The copy you return must match the listing word for word and carry no pictures.

**Data block:**
---------------
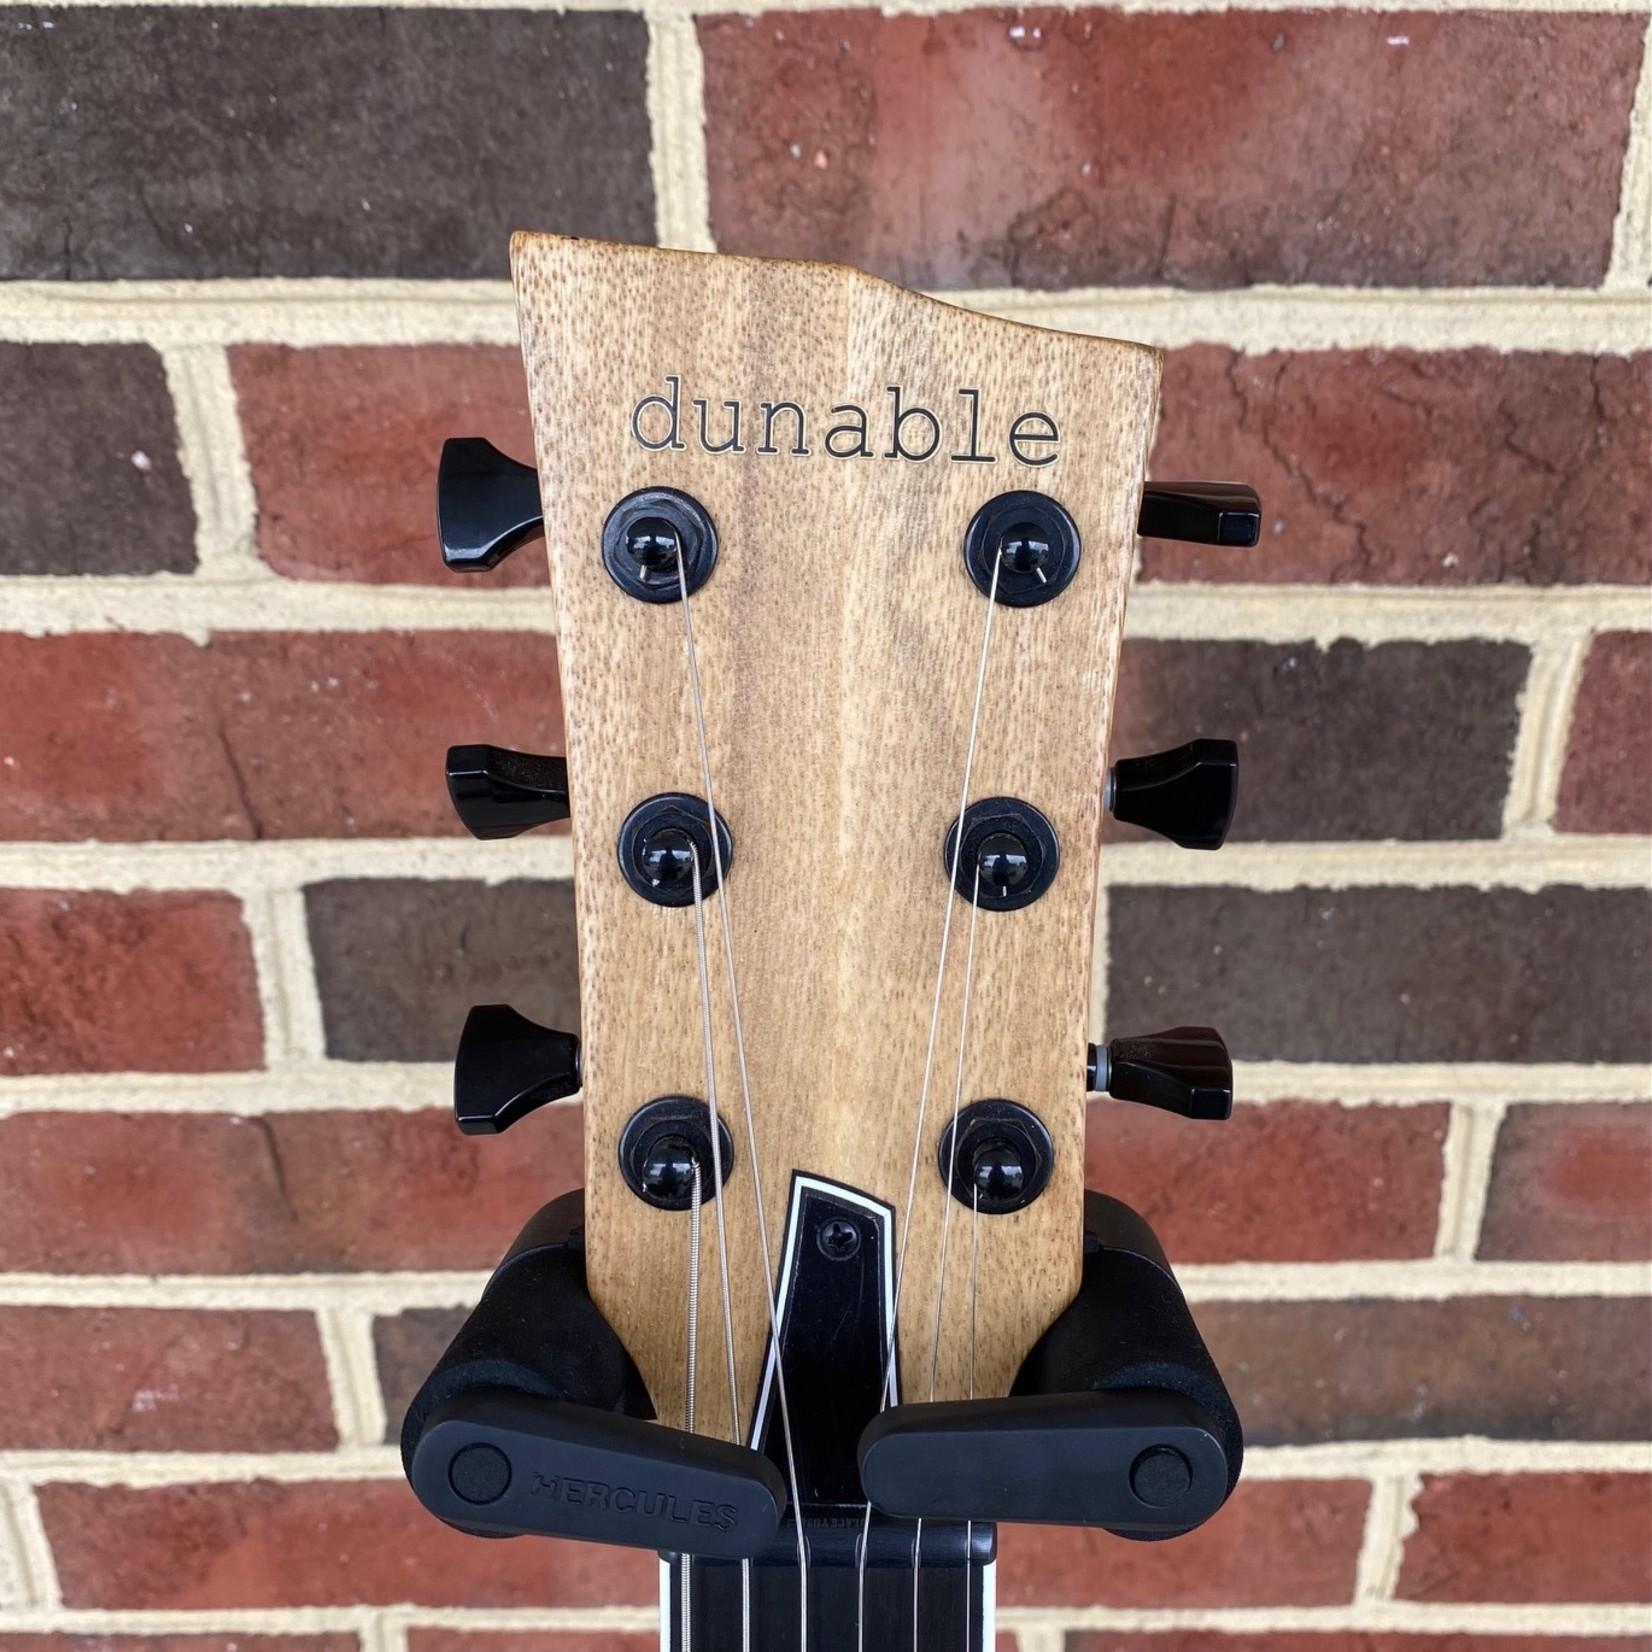 Dunable Guitars Dunable Guitars USA Custom Shop Asteroid, Black Limba Body, No Pickguard, Direwolf Pickups, Locking Tuners, SN# 21206
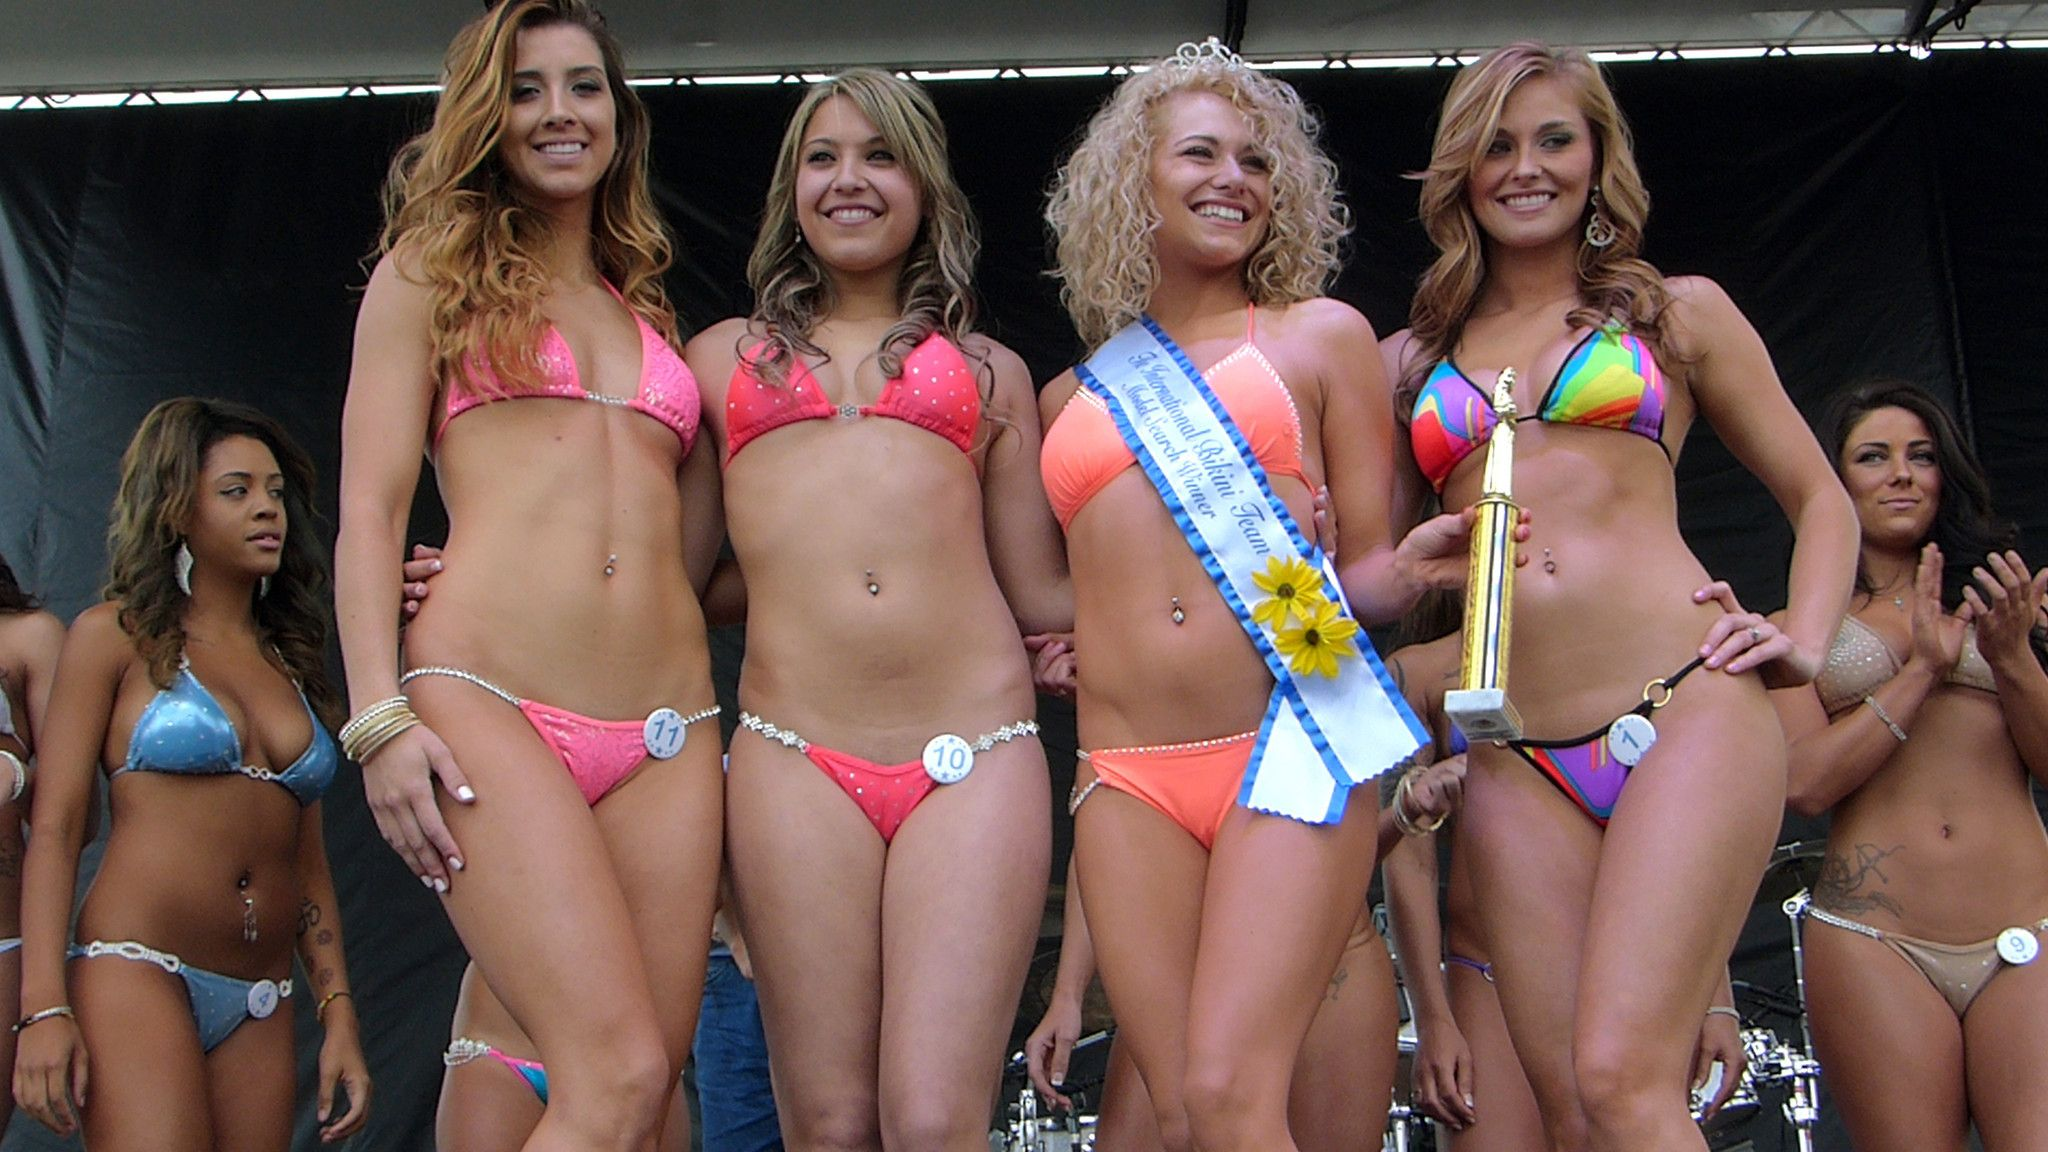 Lindsay lohan bikini movie
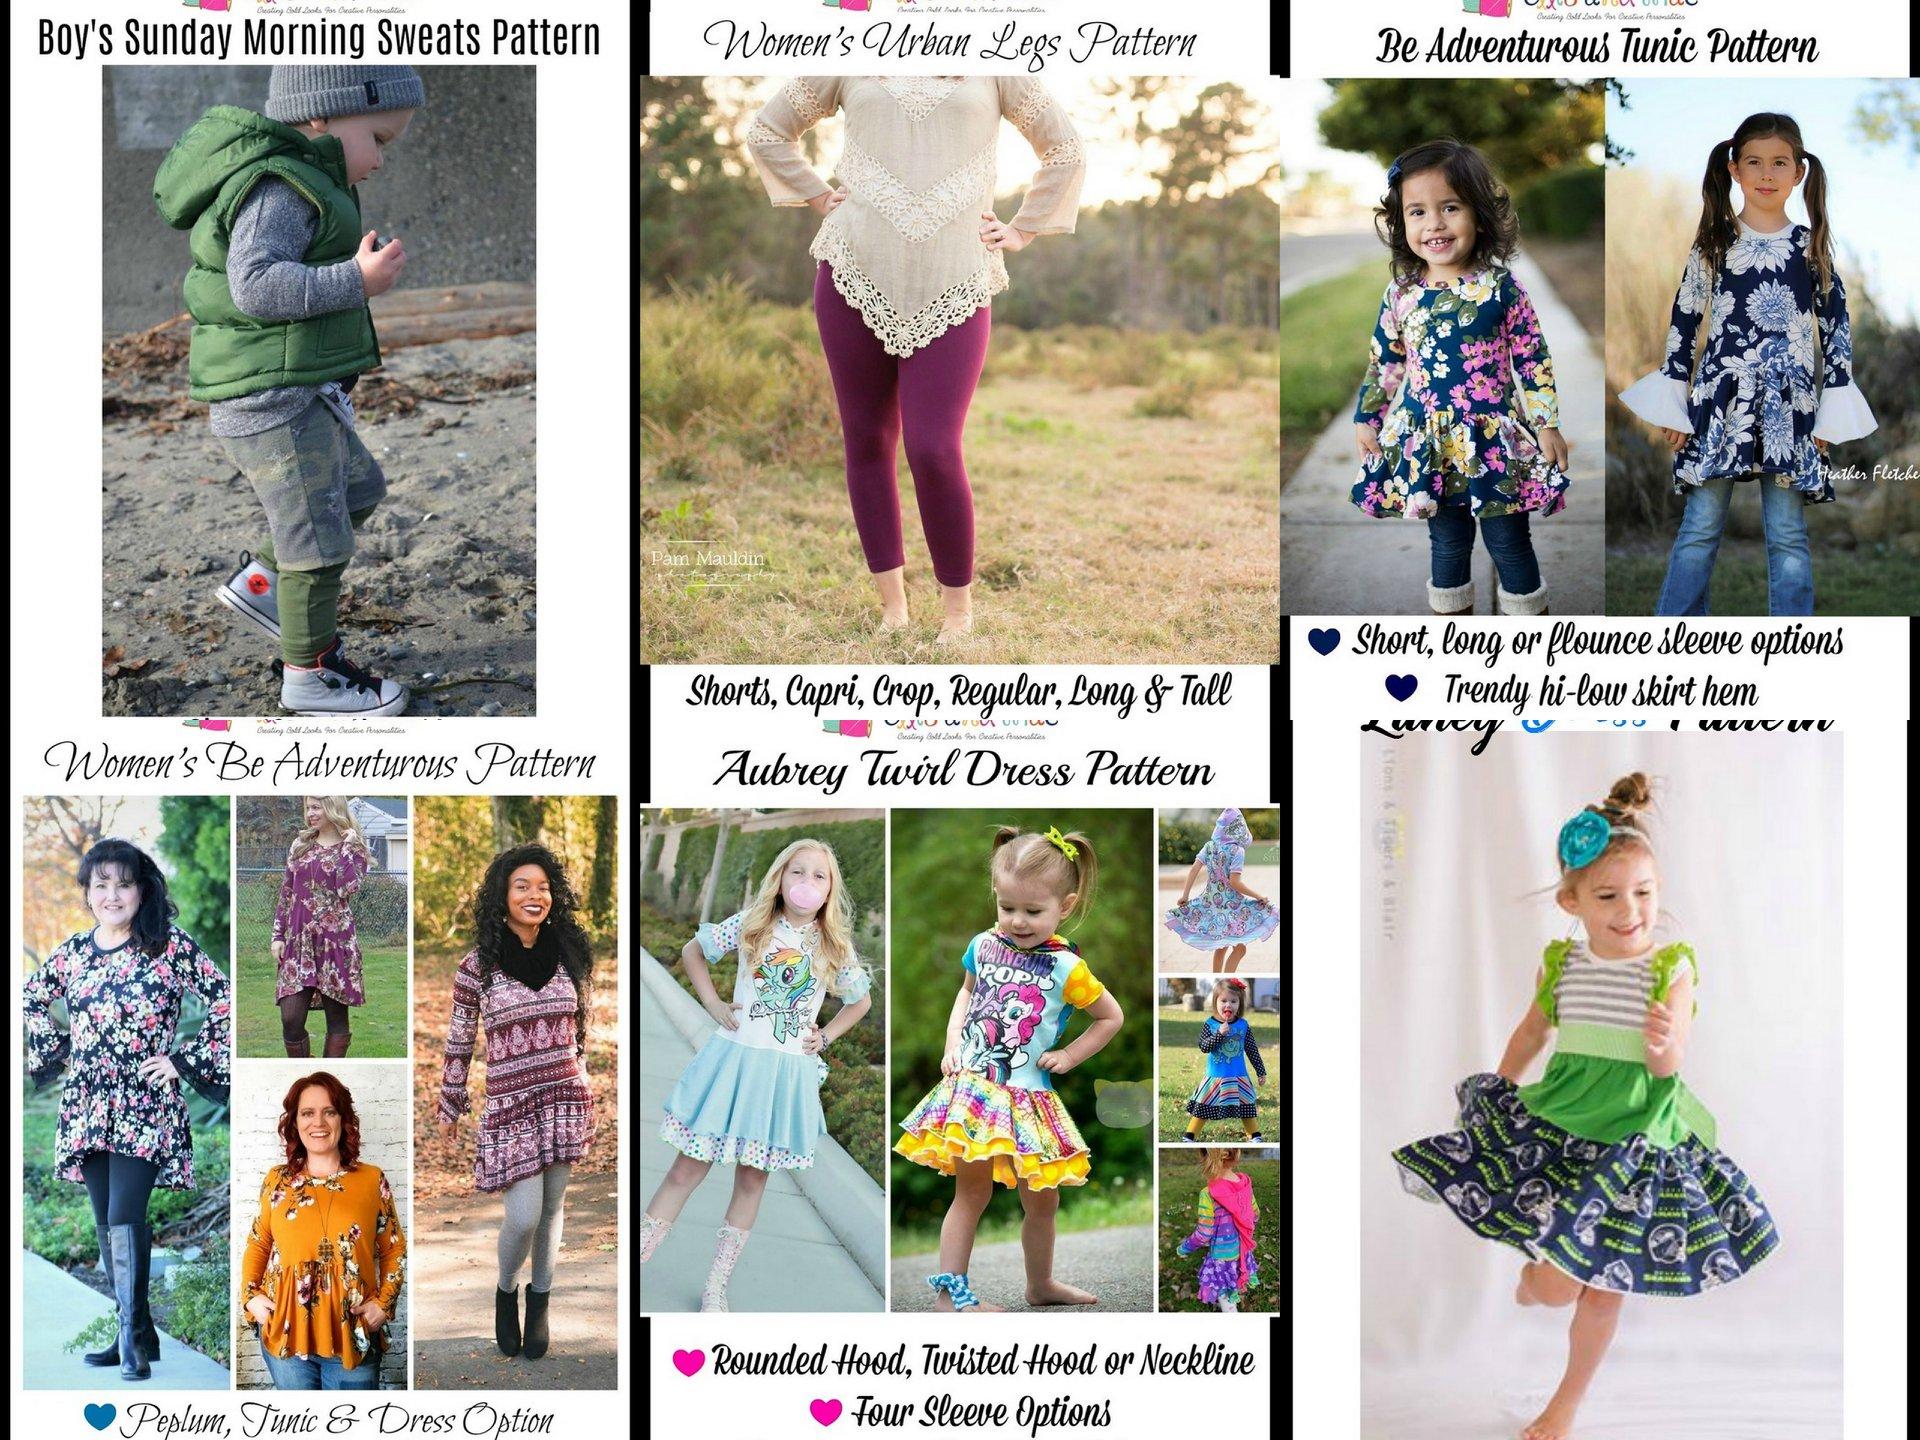 wacky wednesday $1 Sewing Patterns Februrary 6 2018
---------------
**Response to the task:**
 Dunable Guitars Dunable Guitars USA Custom Shop Asteroid, Black Limba Body, No Pickguard, Direwolf Pickups, Locking Tuners, SN# 21206
 Lindsay lohan bikini movie
 wacky wednesday $1 Sewing Patterns Februrary 6 2018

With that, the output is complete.